# Drag radials?!?



## 04Black Goat (Dec 5, 2009)

For my 04 m6 goat I want to get drag radials for the back and it is a daily so I'm lookin for a good tire and a good track tire that will help me hook up.. Any sugestions?!?


----------



## 740tank (Mar 23, 2009)

jegs


----------



## deputycrawford (Jan 16, 2010)

I have used BF Goodrich Drag radials and driven them in the rain. Not bad, you just have to slow down until its dry. If thats out of the question then just pick an ultra performance all season radial. 

Jerry


----------



## 87GN06GTO07IRL (Aug 10, 2009)

I've never had a complaint with my Mickeys.


----------



## The Detailer (Nov 1, 2009)

The Nitto dr's are ideal for a daily driver, Even in the rain, The MT's do require drag bags and fender alteration to fit without rubbing in a 275 size, And there have been issues with them in the rain, The Nitto's however do fit without fender alterations and drag bags in the 275 size, I have ran both tires. Plus the Nitto doesn't look like a drag radial from a distant for the sleeper look, I don't recommend either tire for the winter driving.


----------



## 04Black Goat (Dec 5, 2009)

How are these I might go with them? -*Nitto Tires NT555R EXTREME DRAG P275/40R17 93V *


----------



## jpalamar (Jul 22, 2008)

Using drag radials on a DD makes no sense.


----------



## The Detailer (Nov 1, 2009)

Drag radials on a dd does make sense, Especially if more power mods are added, On the stock radials I can't even begin to hook up even from a 35-45 mph roll. The Nitto's in 245 or even the 275 size will fit without any additional mods, drag bags, fenders rolled,etc,, I have had the BF Goodrich dr's they were the first ones I tried on the GTO Because I had good results on my Camaro with them, The issue I had with the BFG's was the sidewalls split out, I tried the Nitto's in 245's Great results, The MT's had issues in the rain and everyone knew you had a dr on the car from a distant, Now I'm back to the Nitto's in a 275 size, Now issues thus far, Especially in the rain, And its not so obvious that your on dr's.


----------



## jpalamar (Jul 22, 2008)

I dunno man, I think once you hit the point you can't hook with street tires you are no longer a DD and you need to find a beater.


----------



## The Detailer (Nov 1, 2009)

crzygoat said:


> How are these I might go with them? -*Nitto Tires NT555R EXTREME DRAG P275/40R17 93V *


Perfect fit without any other mods required ( dragbags, rolled/ cut fenders, inner fender mods/ shocks altered/ wheels studs). These tires run narrow compared to the MT's in a 275 size and mount on the stock GTO rims perfect, They do pretty well in the rain until they get worn down, Then they are like any other dr.


----------



## BMR Sales (Feb 12, 2009)

I would look into the Nittos as others have said. They are really the perfect mix of performance and longevity as far as drag radials go. On my 99 Trans Am I used to own I would get 20k-25k out of a set and they would handle very well in adverse conditions as long as they weren't super worn out. The Mickey Thompson and BFG drag radials are way too sketchy in the rain and are in my opinion too soft to daily drive. The life span of the tire isn't nearly what the Nittos are.


----------



## offaxis (Jul 28, 2005)

crzygoat said:


> For my 04 m6 goat I want to get drag radials for the back and it is a daily so I'm lookin for a good tire and a good track tire that will help me hook up.. Any sugestions?!?
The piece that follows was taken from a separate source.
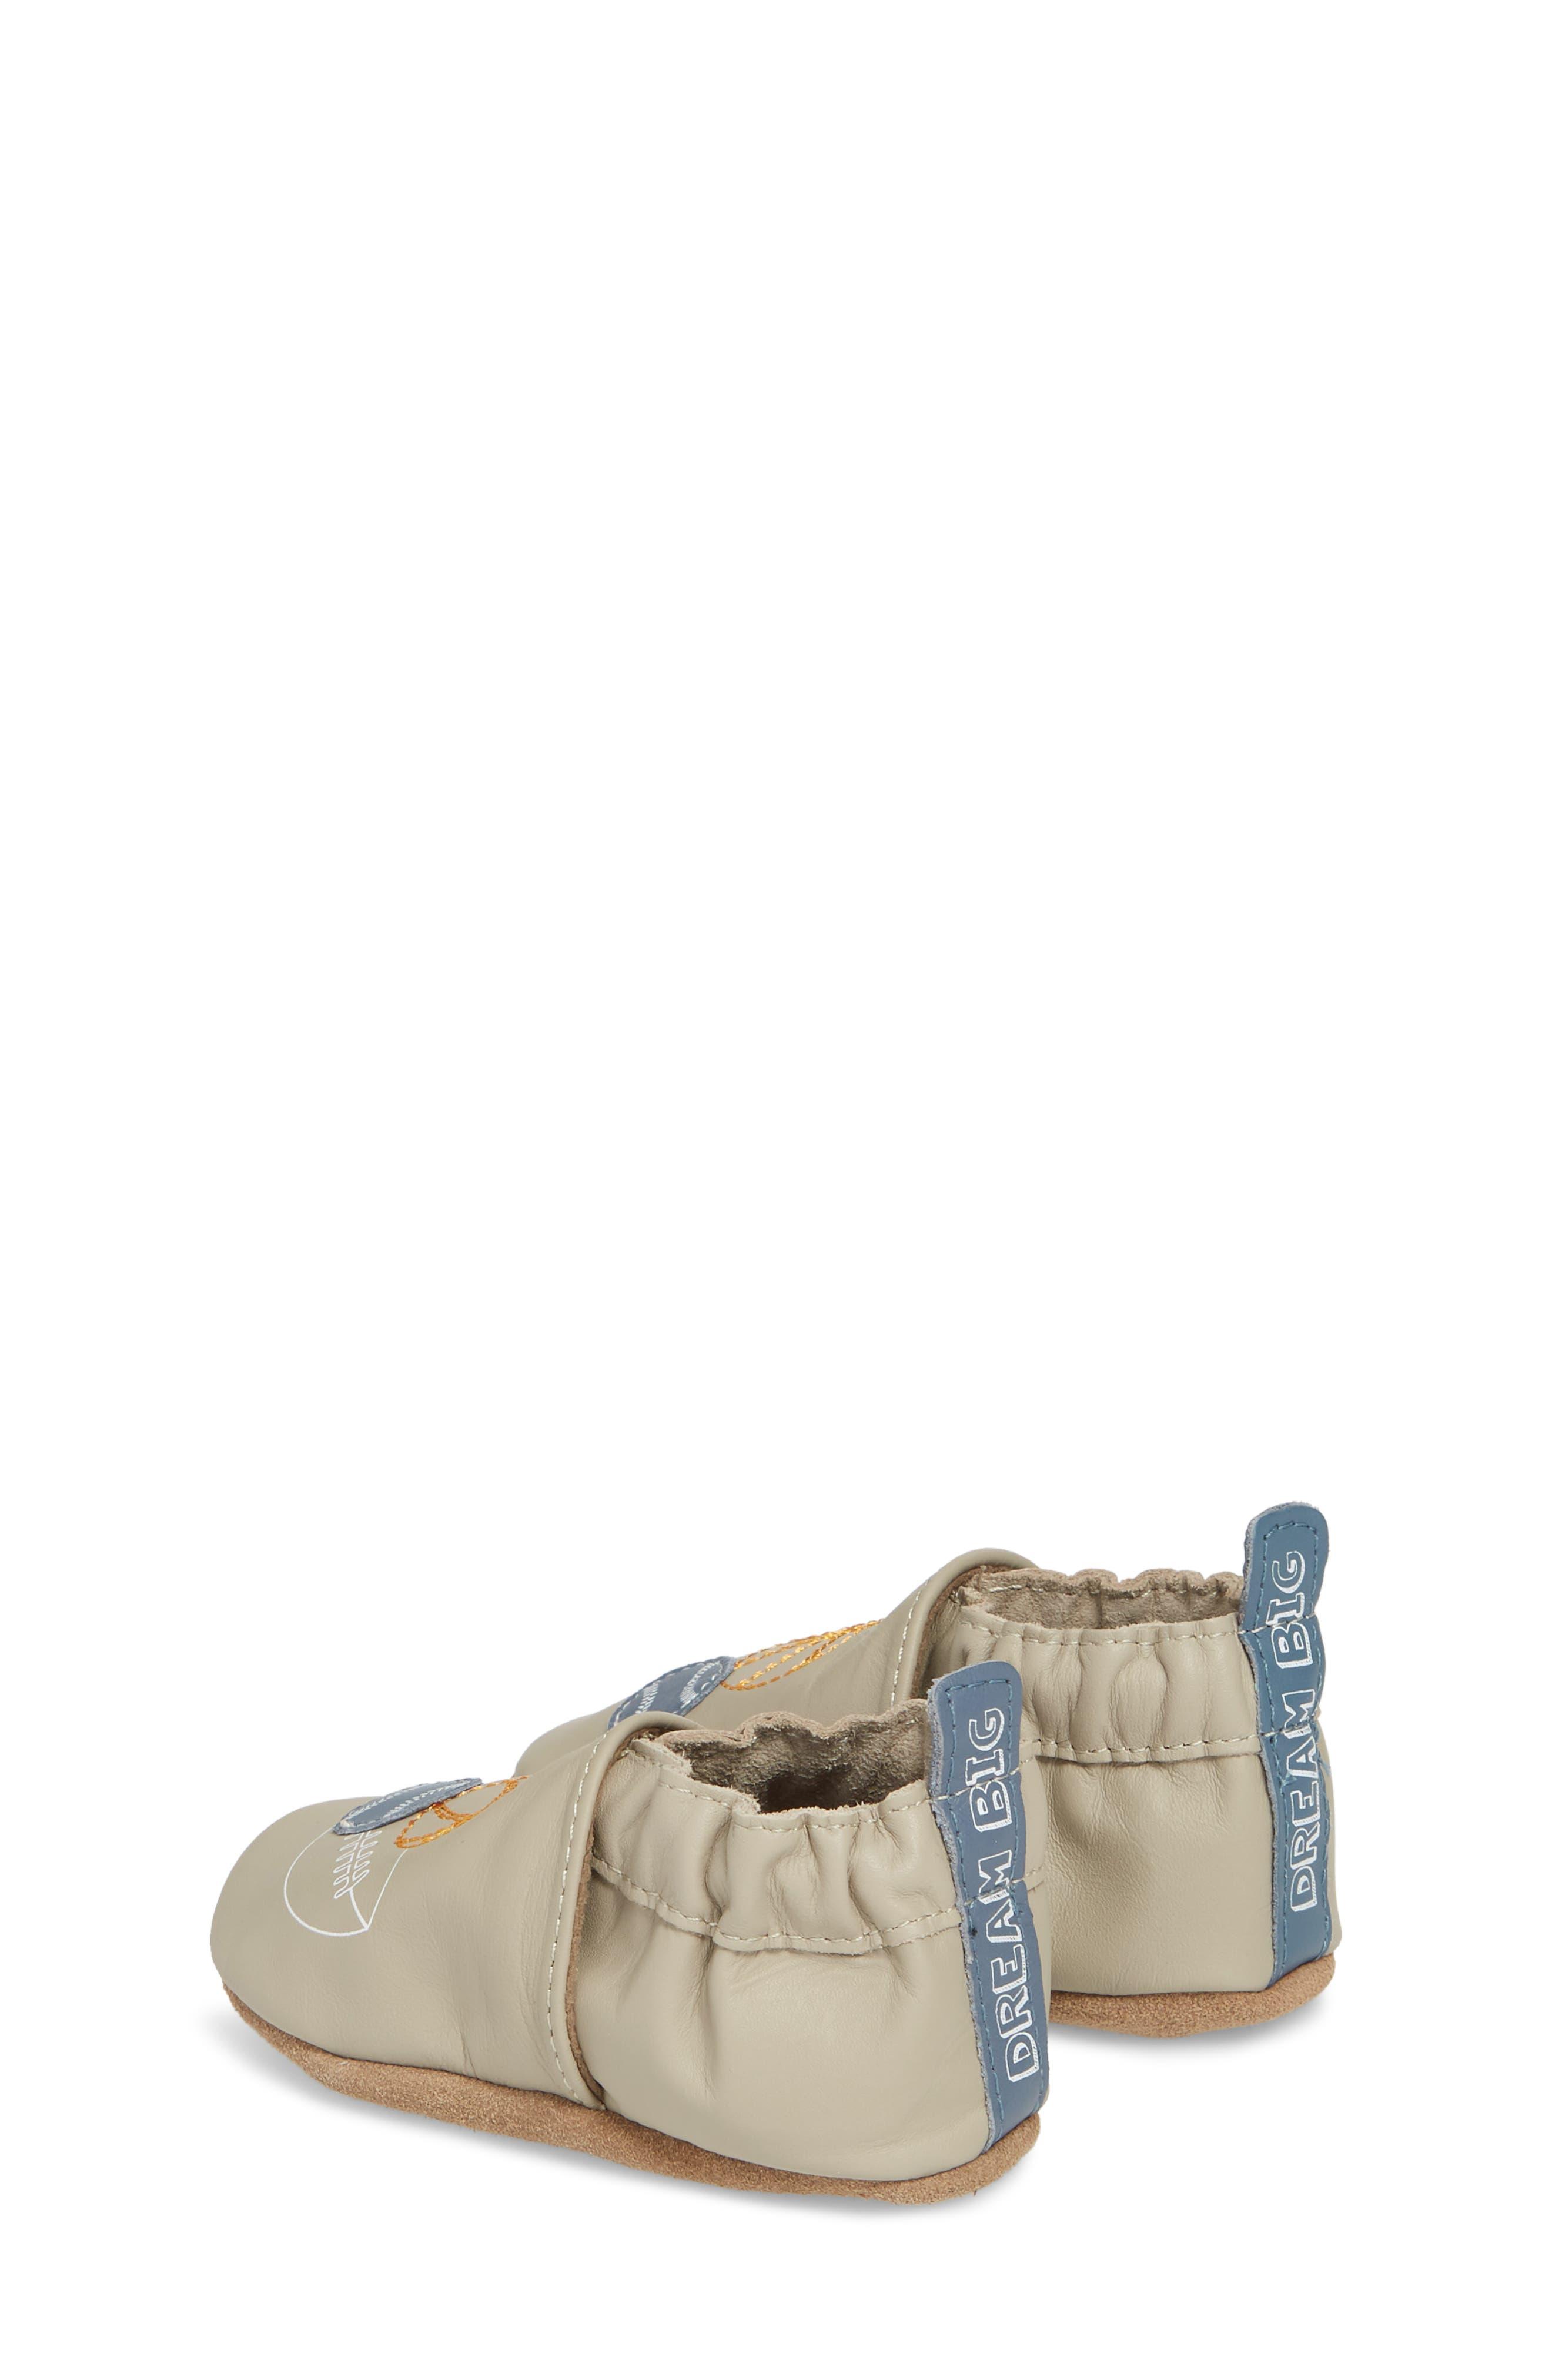 Dream Big Moccasin Crib Shoe,                             Alternate thumbnail 2, color,                             Taupe

What size rims are you running?
I run the 265/40/18 inch mickey thompson drag radials. The 18`s unlike the 17`s have a real tire tread pattern like a nittos so they will channel water like a regualr tire until they a bald. They are pretty damn sticky too. Ive done 1.54 60 fts on them but I expect better soon.


----------



## motoristx (Apr 27, 2010)

BMR Sales said:


> I would look into the Nittos as others have said. They are really the perfect mix of performance and longevity as far as drag radials go. On my 99 Trans Am I used to own I would get 20k-25k out of a set and they would handle very well in adverse conditions as long as they weren't super worn out. The Mickey Thompson and BFG drag radials are way too sketchy in the rain and are in my opinion too soft to daily drive. The life span of the tire isn't nearly what the Nittos are.


 :confused wich Nitto tire are you talking about? the NT01 or The NT 555R?


----------